Among the lines below, restate word for word only those from the line with "KOMPAN Playpark Design page 3" through the line with "World Map@Woman holding the Midi+ World Map", with both end lines kept.
Available data: Begin
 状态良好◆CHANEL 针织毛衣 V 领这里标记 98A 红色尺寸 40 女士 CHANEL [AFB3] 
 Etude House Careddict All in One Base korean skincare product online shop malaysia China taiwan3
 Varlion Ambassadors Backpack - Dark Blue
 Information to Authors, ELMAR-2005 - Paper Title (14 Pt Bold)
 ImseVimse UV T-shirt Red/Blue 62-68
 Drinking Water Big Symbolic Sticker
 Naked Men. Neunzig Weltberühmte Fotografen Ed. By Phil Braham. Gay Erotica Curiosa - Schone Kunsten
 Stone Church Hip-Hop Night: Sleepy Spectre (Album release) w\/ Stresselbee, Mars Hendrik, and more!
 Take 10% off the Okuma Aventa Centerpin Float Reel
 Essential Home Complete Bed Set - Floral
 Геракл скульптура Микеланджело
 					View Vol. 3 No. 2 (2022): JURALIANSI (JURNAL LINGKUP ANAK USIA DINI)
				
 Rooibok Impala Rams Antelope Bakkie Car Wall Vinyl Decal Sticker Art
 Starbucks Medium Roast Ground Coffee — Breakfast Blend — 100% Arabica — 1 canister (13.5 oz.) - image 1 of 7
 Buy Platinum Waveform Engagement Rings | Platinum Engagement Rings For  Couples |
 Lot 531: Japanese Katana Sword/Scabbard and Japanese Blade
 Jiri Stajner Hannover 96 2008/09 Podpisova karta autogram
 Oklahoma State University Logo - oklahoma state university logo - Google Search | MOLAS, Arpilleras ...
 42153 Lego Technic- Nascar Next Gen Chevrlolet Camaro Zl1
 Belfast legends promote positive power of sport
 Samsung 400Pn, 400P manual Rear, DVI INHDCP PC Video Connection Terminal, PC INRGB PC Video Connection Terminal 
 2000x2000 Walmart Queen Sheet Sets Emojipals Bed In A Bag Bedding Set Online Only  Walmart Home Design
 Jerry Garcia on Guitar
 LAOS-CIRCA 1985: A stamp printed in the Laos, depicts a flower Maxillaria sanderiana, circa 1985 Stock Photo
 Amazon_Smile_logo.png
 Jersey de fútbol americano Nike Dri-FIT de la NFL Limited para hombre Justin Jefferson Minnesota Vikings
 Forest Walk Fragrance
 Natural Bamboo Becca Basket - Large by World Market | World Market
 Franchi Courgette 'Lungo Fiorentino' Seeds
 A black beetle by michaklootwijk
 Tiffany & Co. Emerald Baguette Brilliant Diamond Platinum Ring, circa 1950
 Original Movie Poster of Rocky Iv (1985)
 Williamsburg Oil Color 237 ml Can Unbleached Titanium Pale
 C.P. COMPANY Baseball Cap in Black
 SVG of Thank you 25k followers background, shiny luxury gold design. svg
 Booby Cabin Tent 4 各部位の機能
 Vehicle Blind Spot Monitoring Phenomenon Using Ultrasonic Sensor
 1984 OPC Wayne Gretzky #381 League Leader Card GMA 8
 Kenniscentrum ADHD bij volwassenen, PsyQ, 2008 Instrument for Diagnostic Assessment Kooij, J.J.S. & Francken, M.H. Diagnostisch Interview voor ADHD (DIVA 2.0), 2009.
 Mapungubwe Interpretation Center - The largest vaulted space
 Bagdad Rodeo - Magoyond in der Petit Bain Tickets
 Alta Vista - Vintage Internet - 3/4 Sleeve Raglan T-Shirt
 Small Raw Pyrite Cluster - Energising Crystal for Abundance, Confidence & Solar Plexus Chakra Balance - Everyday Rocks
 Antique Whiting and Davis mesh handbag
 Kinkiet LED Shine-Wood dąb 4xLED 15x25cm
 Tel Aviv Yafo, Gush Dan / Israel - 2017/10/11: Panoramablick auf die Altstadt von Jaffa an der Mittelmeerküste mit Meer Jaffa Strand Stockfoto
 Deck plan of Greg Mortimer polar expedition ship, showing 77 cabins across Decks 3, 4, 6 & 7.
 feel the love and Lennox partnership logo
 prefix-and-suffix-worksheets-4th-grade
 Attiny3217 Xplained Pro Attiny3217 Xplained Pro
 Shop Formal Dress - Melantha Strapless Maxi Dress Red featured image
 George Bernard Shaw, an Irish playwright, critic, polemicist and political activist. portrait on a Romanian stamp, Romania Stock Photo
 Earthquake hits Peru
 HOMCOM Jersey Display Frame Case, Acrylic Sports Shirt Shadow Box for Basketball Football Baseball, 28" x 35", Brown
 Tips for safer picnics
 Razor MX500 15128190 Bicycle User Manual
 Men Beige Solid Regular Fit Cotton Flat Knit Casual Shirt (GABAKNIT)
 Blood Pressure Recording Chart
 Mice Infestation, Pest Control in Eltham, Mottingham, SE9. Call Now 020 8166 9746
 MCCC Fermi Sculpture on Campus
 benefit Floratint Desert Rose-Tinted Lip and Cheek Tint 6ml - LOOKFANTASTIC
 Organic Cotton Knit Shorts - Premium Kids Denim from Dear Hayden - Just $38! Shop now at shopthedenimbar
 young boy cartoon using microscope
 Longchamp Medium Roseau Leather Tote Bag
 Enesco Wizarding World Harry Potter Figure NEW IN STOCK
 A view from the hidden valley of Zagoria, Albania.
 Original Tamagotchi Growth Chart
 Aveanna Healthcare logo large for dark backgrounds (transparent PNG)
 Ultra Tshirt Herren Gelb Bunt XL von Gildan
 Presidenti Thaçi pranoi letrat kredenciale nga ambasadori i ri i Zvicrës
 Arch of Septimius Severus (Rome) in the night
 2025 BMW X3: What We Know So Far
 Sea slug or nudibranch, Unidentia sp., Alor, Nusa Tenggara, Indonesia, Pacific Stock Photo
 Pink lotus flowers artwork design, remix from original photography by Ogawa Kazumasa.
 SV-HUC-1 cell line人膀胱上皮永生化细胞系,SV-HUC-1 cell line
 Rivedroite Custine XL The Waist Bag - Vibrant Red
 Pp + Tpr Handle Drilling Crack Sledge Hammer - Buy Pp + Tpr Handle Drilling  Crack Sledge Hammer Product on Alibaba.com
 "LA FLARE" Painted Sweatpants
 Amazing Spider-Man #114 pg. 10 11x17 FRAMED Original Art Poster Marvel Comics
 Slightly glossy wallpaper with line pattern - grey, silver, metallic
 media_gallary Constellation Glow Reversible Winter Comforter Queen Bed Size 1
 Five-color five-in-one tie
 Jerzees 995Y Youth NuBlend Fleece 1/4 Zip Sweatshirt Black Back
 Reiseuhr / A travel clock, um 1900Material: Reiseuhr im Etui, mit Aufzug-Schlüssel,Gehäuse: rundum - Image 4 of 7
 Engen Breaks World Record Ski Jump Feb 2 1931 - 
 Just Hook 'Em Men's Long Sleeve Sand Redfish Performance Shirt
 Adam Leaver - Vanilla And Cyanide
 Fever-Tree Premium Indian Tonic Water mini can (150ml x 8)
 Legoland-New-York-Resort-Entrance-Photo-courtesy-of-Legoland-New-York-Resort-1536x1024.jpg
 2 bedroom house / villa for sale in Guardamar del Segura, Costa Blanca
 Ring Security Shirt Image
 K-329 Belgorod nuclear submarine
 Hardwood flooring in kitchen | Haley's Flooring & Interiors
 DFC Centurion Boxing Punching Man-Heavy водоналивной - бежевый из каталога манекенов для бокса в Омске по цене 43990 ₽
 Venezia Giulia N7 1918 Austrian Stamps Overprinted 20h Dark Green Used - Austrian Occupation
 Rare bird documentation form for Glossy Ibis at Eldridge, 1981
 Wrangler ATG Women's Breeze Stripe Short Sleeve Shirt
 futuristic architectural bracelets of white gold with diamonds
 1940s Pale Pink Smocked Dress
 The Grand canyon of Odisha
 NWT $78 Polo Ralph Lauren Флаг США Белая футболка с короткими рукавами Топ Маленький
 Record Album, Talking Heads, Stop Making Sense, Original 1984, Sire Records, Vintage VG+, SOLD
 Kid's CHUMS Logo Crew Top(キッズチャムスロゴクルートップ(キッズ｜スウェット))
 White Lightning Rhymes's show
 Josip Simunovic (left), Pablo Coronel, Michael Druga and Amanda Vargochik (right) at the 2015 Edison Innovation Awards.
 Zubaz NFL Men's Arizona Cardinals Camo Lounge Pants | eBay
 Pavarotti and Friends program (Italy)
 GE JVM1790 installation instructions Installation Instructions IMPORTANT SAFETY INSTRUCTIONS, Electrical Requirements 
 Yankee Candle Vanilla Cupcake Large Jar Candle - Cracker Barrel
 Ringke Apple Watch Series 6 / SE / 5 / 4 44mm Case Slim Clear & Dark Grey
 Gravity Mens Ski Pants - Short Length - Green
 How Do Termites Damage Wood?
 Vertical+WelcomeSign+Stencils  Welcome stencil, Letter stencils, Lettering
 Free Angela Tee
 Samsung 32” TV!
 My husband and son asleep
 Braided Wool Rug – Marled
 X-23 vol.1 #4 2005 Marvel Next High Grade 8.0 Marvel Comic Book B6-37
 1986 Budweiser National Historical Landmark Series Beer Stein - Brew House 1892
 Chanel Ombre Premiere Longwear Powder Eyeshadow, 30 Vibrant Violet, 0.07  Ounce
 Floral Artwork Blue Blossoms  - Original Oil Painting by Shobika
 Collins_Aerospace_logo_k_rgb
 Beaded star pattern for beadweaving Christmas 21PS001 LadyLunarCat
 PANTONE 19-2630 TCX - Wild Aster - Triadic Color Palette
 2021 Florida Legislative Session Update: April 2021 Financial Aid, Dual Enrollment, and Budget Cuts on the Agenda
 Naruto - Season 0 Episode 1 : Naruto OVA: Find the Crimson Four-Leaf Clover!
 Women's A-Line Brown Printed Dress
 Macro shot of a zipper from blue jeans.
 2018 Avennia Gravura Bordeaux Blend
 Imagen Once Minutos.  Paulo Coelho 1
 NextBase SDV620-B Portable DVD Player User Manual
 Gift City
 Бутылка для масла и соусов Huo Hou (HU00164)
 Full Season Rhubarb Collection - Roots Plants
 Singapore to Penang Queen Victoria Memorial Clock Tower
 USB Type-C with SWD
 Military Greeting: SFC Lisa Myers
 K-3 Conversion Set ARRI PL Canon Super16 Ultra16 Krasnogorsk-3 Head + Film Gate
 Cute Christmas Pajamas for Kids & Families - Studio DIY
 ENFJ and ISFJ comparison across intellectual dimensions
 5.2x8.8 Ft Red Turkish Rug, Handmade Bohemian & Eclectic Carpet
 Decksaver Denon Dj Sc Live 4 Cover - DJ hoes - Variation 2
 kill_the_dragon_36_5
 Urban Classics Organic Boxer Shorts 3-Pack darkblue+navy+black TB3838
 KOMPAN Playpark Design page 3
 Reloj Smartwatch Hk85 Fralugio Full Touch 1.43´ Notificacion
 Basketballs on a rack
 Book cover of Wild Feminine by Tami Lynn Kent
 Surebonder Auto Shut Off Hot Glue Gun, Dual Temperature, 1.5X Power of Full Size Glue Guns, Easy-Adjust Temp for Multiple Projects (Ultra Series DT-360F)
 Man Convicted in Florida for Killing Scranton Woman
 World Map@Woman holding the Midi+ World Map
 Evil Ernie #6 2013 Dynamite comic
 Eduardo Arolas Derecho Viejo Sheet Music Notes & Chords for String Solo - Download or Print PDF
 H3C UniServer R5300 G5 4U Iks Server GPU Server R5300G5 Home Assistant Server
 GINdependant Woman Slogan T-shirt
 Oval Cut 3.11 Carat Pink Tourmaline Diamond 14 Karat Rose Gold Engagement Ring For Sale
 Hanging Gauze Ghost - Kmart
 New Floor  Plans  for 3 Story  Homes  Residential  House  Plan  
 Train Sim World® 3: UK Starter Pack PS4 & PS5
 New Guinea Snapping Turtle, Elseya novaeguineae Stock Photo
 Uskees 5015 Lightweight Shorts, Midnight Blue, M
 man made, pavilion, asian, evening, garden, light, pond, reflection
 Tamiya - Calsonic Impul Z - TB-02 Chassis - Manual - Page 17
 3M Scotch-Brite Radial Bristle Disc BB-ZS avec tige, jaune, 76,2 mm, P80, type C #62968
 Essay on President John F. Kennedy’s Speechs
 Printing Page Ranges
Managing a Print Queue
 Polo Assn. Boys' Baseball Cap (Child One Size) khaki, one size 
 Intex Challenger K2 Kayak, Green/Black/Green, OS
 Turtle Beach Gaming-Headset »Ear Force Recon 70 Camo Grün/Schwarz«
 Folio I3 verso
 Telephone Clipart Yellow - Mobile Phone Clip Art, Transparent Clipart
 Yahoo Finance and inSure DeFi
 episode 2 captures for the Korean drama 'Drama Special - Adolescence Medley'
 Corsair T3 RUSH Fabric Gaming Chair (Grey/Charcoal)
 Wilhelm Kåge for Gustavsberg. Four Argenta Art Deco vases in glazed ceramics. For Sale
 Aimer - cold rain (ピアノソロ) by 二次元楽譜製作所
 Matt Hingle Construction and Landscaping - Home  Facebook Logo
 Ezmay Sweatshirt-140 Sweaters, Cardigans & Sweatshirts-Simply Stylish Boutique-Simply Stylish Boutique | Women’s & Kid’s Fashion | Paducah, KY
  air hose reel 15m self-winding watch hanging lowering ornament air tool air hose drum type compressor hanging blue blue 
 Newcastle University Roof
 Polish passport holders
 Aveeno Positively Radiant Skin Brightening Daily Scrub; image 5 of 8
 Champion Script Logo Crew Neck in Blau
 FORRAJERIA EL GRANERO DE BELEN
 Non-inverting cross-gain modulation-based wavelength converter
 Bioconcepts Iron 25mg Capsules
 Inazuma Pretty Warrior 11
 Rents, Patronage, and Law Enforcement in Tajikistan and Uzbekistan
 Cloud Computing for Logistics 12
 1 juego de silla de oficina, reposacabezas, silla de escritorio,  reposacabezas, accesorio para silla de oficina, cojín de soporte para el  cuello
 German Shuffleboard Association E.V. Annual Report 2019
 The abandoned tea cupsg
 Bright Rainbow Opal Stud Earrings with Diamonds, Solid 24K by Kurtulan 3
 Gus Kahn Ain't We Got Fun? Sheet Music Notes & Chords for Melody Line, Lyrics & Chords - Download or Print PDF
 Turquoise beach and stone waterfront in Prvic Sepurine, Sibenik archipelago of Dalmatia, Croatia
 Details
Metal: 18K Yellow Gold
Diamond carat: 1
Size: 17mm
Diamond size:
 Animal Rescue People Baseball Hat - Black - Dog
Available data: End
> Problem solution
 KOMPAN Playpark Design page 3
 Reloj Smartwatch Hk85 Fralugio Full Touch 1.43´ Notificacion
 Basketballs on a rack
 Book cover of Wild Feminine by Tami Lynn Kent
 Surebonder Auto Shut Off Hot Glue Gun, Dual Temperature, 1.5X Power of Full Size Glue Guns, Easy-Adjust Temp for Multiple Projects (Ultra Series DT-360F)
 Man Convicted in Florida for Killing Scranton Woman
 World Map@Woman holding the Midi+ World Map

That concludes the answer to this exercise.